她细碎的声音绞得他也很难过,陈游白终于明白了她暴躁的来源,叹了一气,妥协般地轻声哄:“我有的是法子让你回去……不要怕。”
“我回不去了……”卓云釉伸手抚住自己的右脸,仰头望着天上的月。
他看出了她的纠结:“为什么?”
“因为,我真的好喜欢明崇乐,喜欢得要命……”
所以,她要放过他。
夜风一阵凉似一阵,卓云釉右手上移,捂住了自己的眼,她感到一丝颓然,然后脸上便滚烫地露出了泪,极低的呜咽终究大声痛哭出来,空荡的园中尽是她肆无忌惮的哭声,无力地瘫坐在地上,瑟瑟的抖着,平日里那些不以为然与洒脱飞扬,荡然无存。
陈游白听到她最后一句话的时候,就已经站在原地不动了。
她是他一手教出来的,她的悠然、清冷、不近人情,都是和他学来的,每一样都是他的特质。
她甚至学会了和他一样的虚与委蛇,连对着他也没了真面目。
可此刻当他真下狠手将她的面具除离,看她崩溃,无助的哭泣,他又觉得……心碎。
她即便是醉酒也隐藏着真心,拉东扯西说了那么久也从来没有提过一个字,得是多么在乎,才能在如此不清醒的情况下,还小心翼翼的维护着那份情意。
陈游白从来没有见她哭过,正如她自己所说,被糊弄的时候,被嘲讽的时候,被威胁的时候,被抛弃的时候,被毁容的时候——他也没能见到她哭过。他从前他戏谑她冷血,卓云釉却十分冷静的回答他——世间能安慰她的人已经都不在了,即便再伤心,她还能哭给谁看。
但是,提到明崇乐,她哭了。
他明白。
对着顾敏之,她不留情面咄咄逼人,那是六年后的卓云釉,仇恨烧眼,万物成空。
对着他,她相偎相依娇嗔柔媚,那是六年前的卓云釉,不可一世,仰仗万千。
只有对着明崇乐,或许才能是真正的她。
明崇乐自然也不是平白无故对她好,但是他的理由很简单——喜欢,仅此而已。
卓云釉自然懂得,所以她贪恋,她深陷,她无法自拔。
十几年的感情能让她多了解一个人,了解到受了委屈也要坚持,了解到忍着心痛也要放手。
抽噎声渐渐低不可闻,卓云釉整个人软绵绵地卧在了地上。

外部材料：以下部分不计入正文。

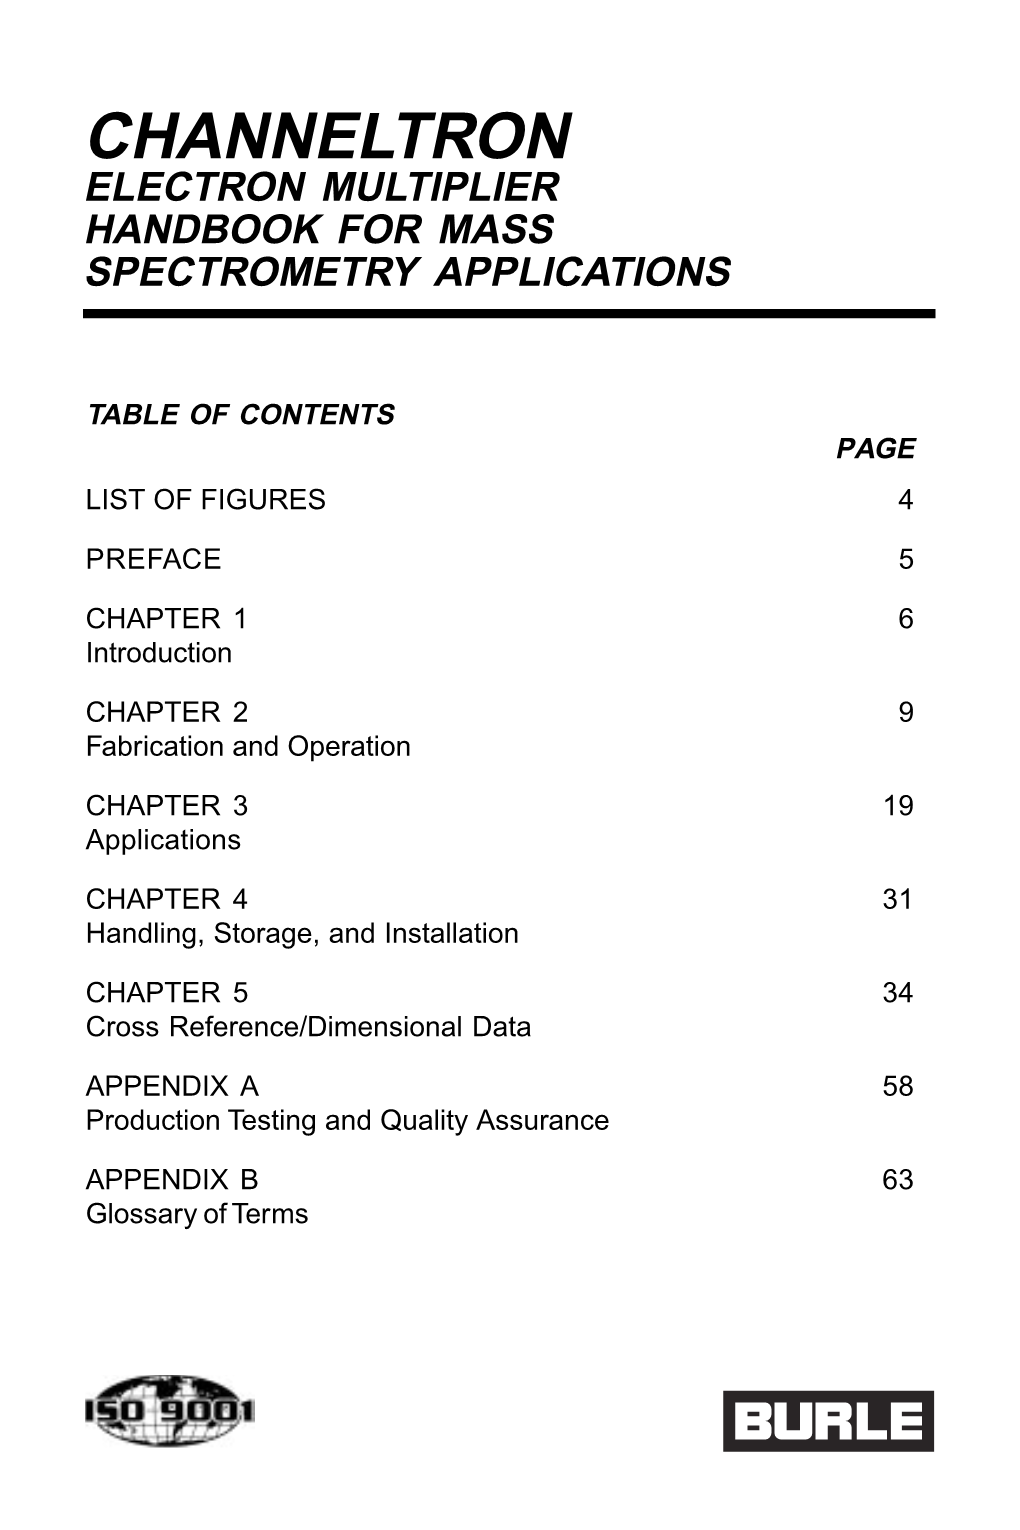 Channeltron Electron Multiplier Handbook for Mass Spectrometry Applications

陈游白上前,俯身把她抱了起来,目光虽是冷肃,动作却万分轻柔。
醉酒加上胆大包天,卓云釉醒的时候,已经是次日午后,房中供的安神香温和浅淡。她本就难眠,睡到那个时候才醒简直是小时候的事情,喝了曲令递给的汤药,完全沉浸在睡着觉的喜悦之中,头天晚上的事情想不起来,她也完全不介意了。
她之后有差不多一个月不见陈游白,他本来就爱云游,卓云釉也没有非常在意。等到他再出现的时候,天气已经很寒了,屋里燃着好几盆银碳。
卓云釉穿着蜜合色的外衣,衣服的下摆坠着三色流苏,袖口绣着并蒂莲花,头上挽着纂儿。脸上依旧是不施粉黛,并未以花贴面,红红的伤口就那么横在她的脸上。坐在高高的椅子上,悠哉地摇晃着一双腿。
她在陈游白眼前一直是这样无遮无拦不顾礼数的,多年前她家道中落,落魄的无依无靠,是他救了她,又一手把她教成了今天的样子,她最狼狈低贱的样子他都看过了,本来就没有什么好顾忌的。
陈游白依旧是一身玄衣,锦边弹墨花纹,一如既往地悠闲安逸。他坐在桌前轻巧地用食指和拇指沿着糖栗子顶部一捏,剥出一粒粒姜黄色的沙肉。卓云釉一颗颗地沾上蜜,就着一旁的蜜露,吃得不亦乐乎。
“今年的茶商会,我还能去么?”她翻着眼前的账簿,“这次好像在零陵城,先前倒是不曾去过。”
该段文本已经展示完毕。